Five days after 22 people were killed at a Walmart store in El Paso, Texas, panicked shoppers fled a Walmart in Springfield, Missouri, after a man carrying a rifle and wearing body armor walked around the store before being stopped by an off-duty firefighter.

No shots were fired and the man was arrested after surrendering Thursday, Springfield police said. No one was injured.

The suspect was later identified as 20-year-old Dmitriy Andreychenk, according to Green County Sheriff's Office jail records. 

The Springfield News-Leader quoted Lt. Mike Lucas as saying that the man arrived Thursday afternoon wearing body armor and military-style clothing. He walked inside the Walmart carrying a "tactical rifle" and another gun. Lucas said the man had more than 100 rounds of ammunition.
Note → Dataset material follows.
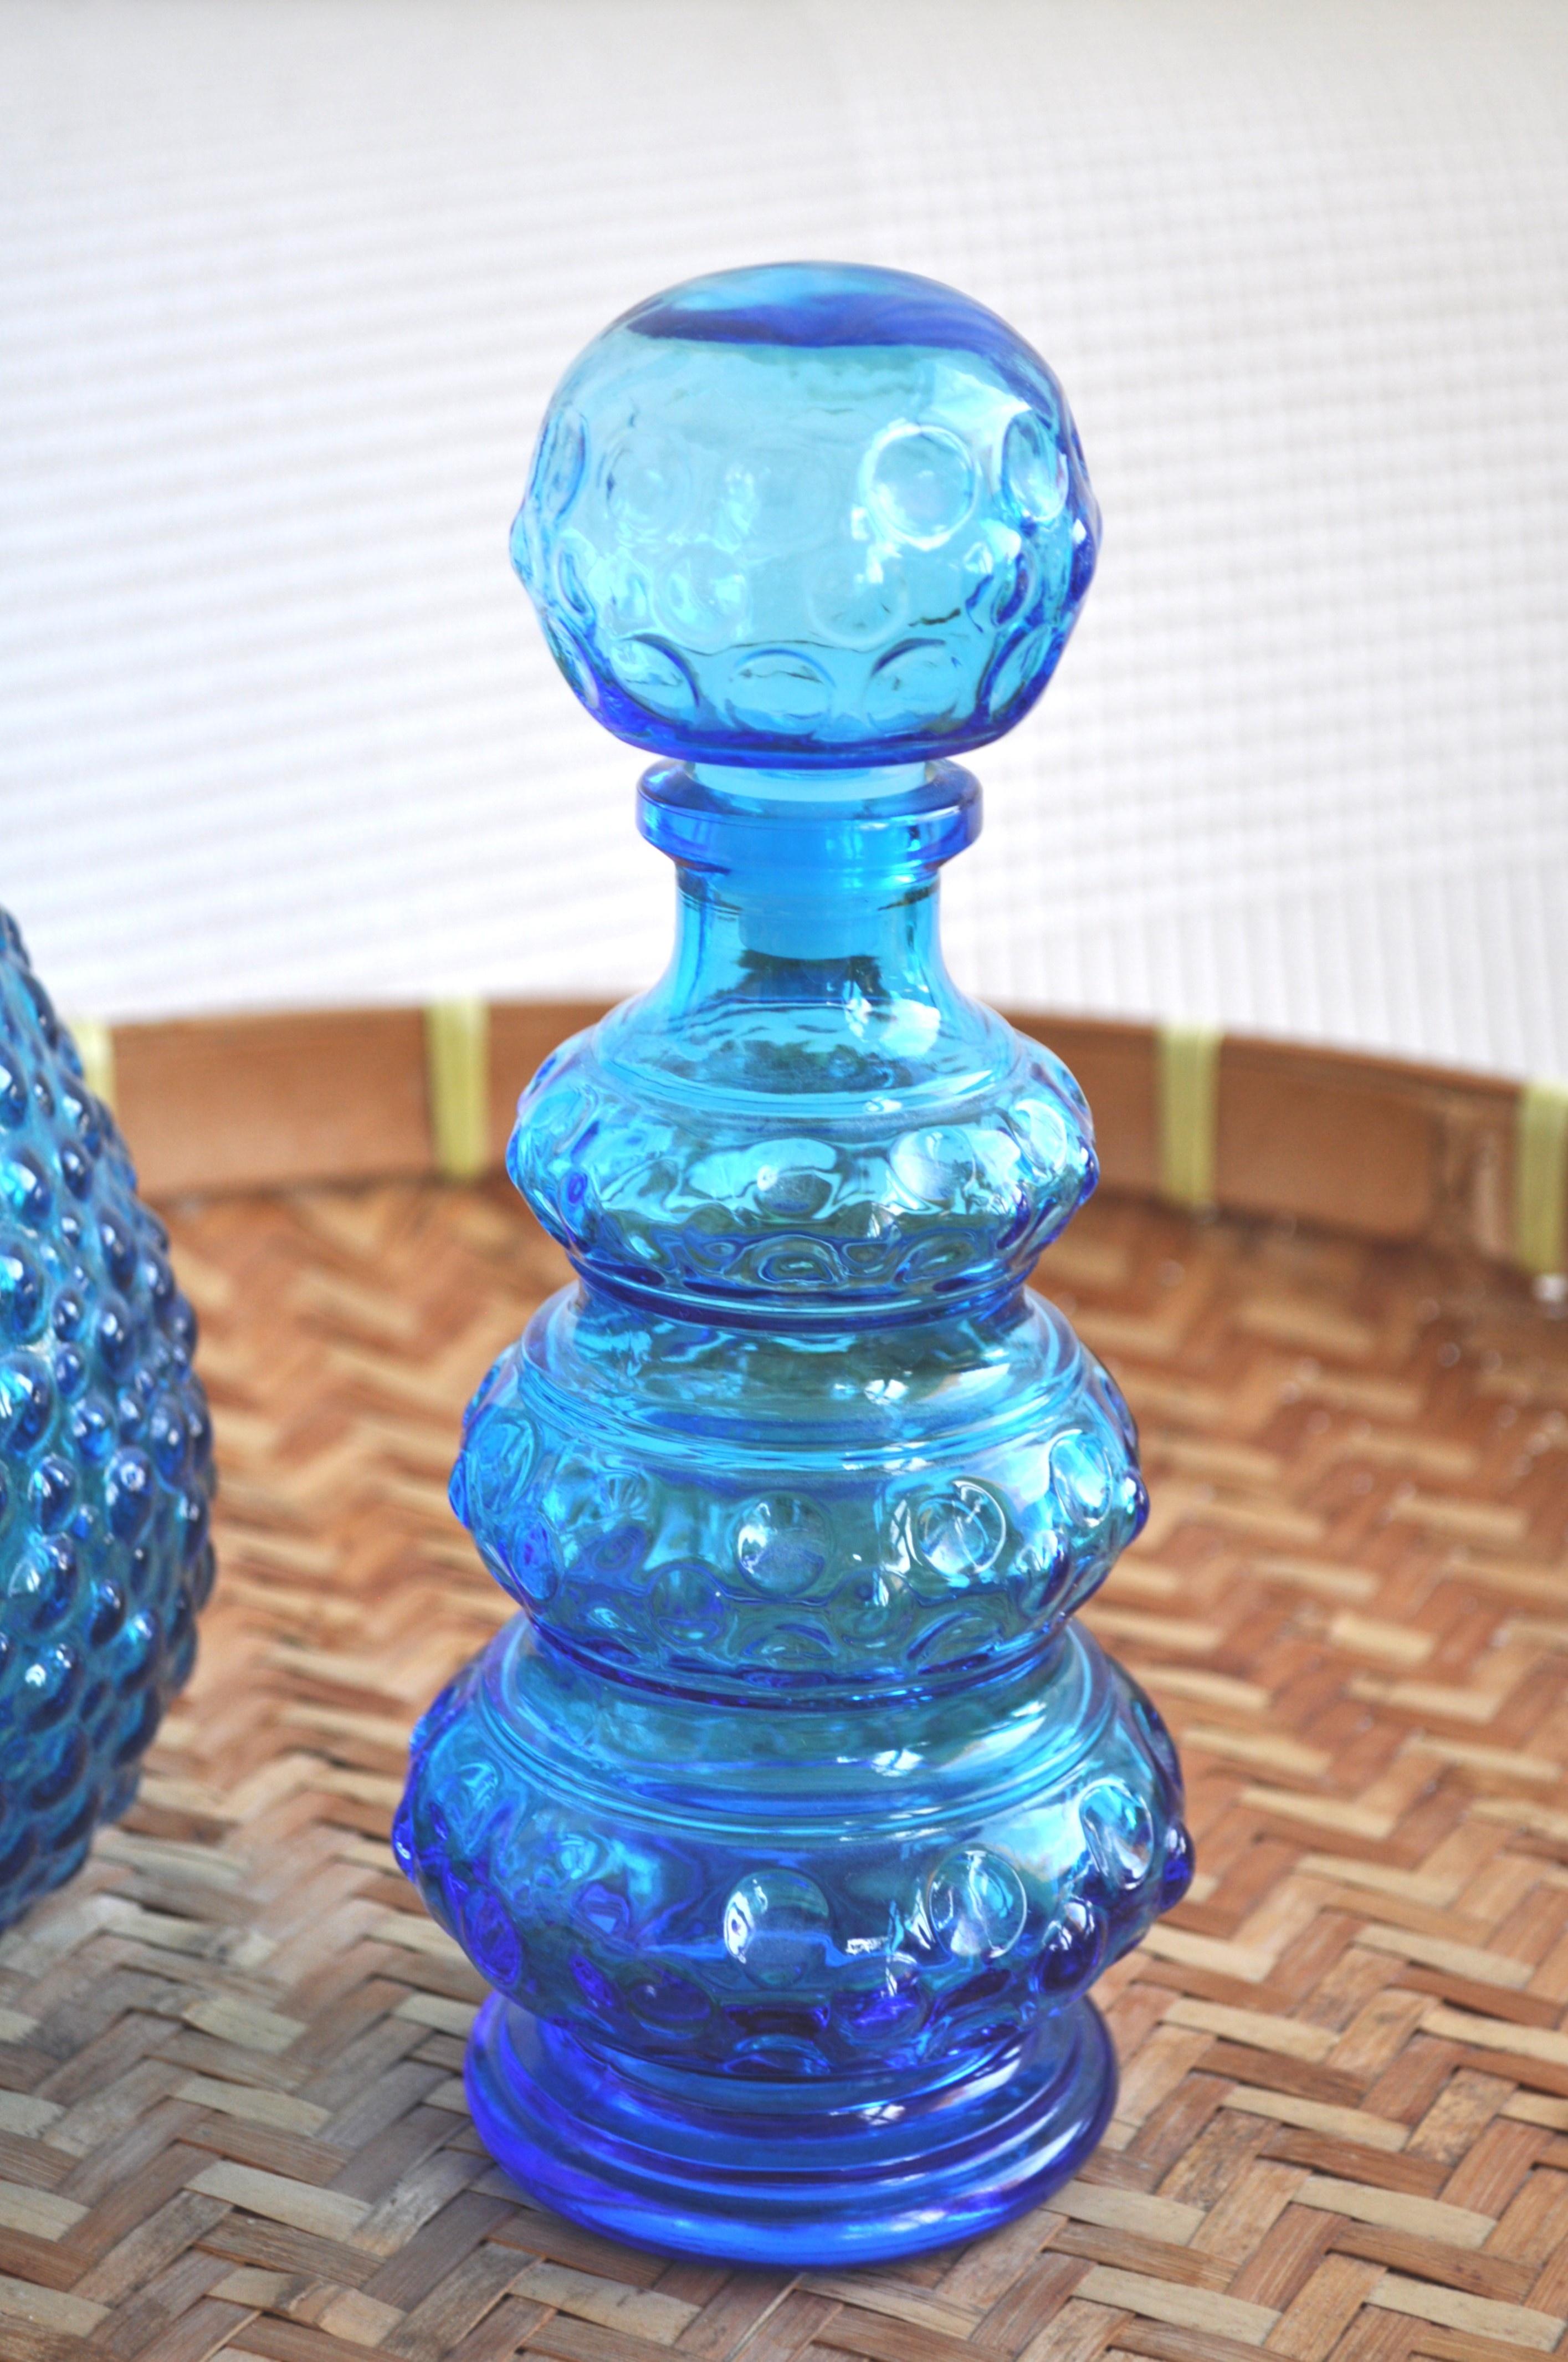 Carafe en verre granité bleu et or vintage - Rêve de Brocante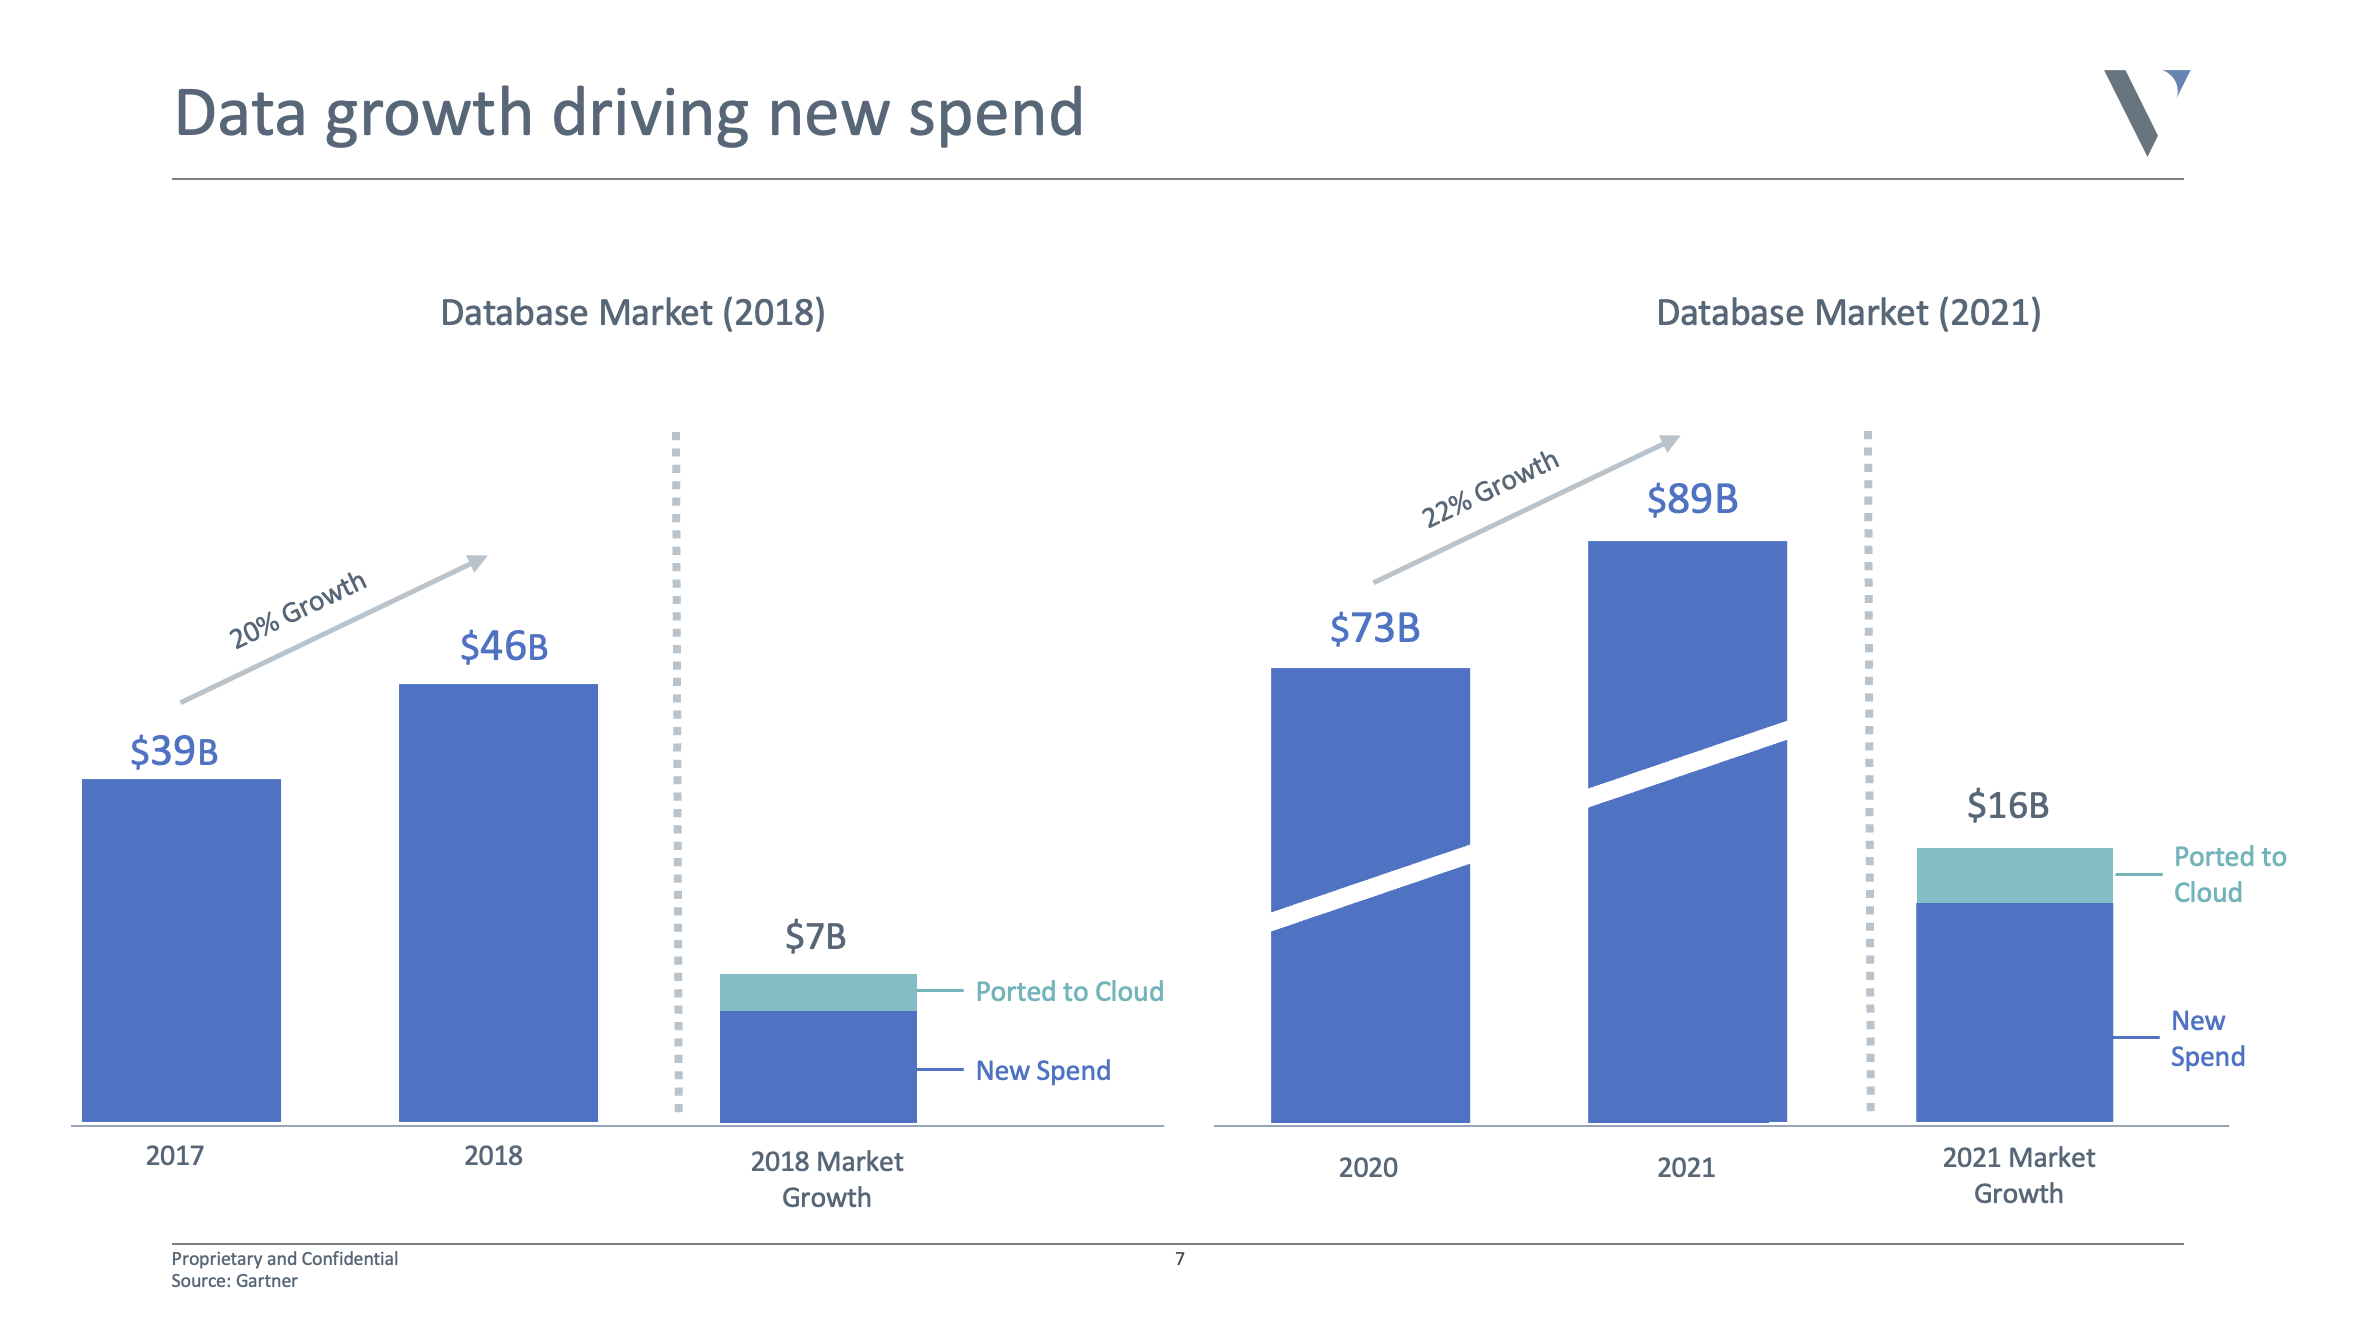 Database growth drives spending in the enterprise

Lucas said an off-duty firefighter held the suspect — a 20-year-old man who was not immediately identified — at gunpoint until police arrived about three minutes after receiving an initial call. He was said to have been stopped by the armed firefighter after leaving through an emergency exit, according to NBC News.

"Thankfully, there weren't any shots fired. I think it's great that that off-duty fire man was here," Lucas said.

A Walmart spokesperson told NBC that the customer's behavior was concerning, so law enforcement was called "out of caution."

"They quickly arrived, managed the situation without further incident and no one was injured," the statement said.

Lucas said the suspect would be charged but the exact crimes would be determined later. Security video from inside the store would be reviewed to determine the man's demeanor and a possible motive, he said.

"His intent obviously was to cause chaos here, and he did that," Lucas added.

The potential charges against the man will depend on his actions while he was in the store, said Dee Wampler, a longtime Springfield defense attorney and former Greene County prosecutor.

Carrying an assault rifle in public is not necessarily a crime, Wampler told The News-Leader.

"If he was looking at people in a menacing way or if he was saying something to other customers that was frightening to them — those would be factors" and could result in felony charges, Wampler said.

He also could be charged with a misdemeanor peace disturbance, or a different misdemeanor if he was told to leave the store and didn't, Wampler said.

Springfield is about 165 miles (266 kilometers) south of Kansas City.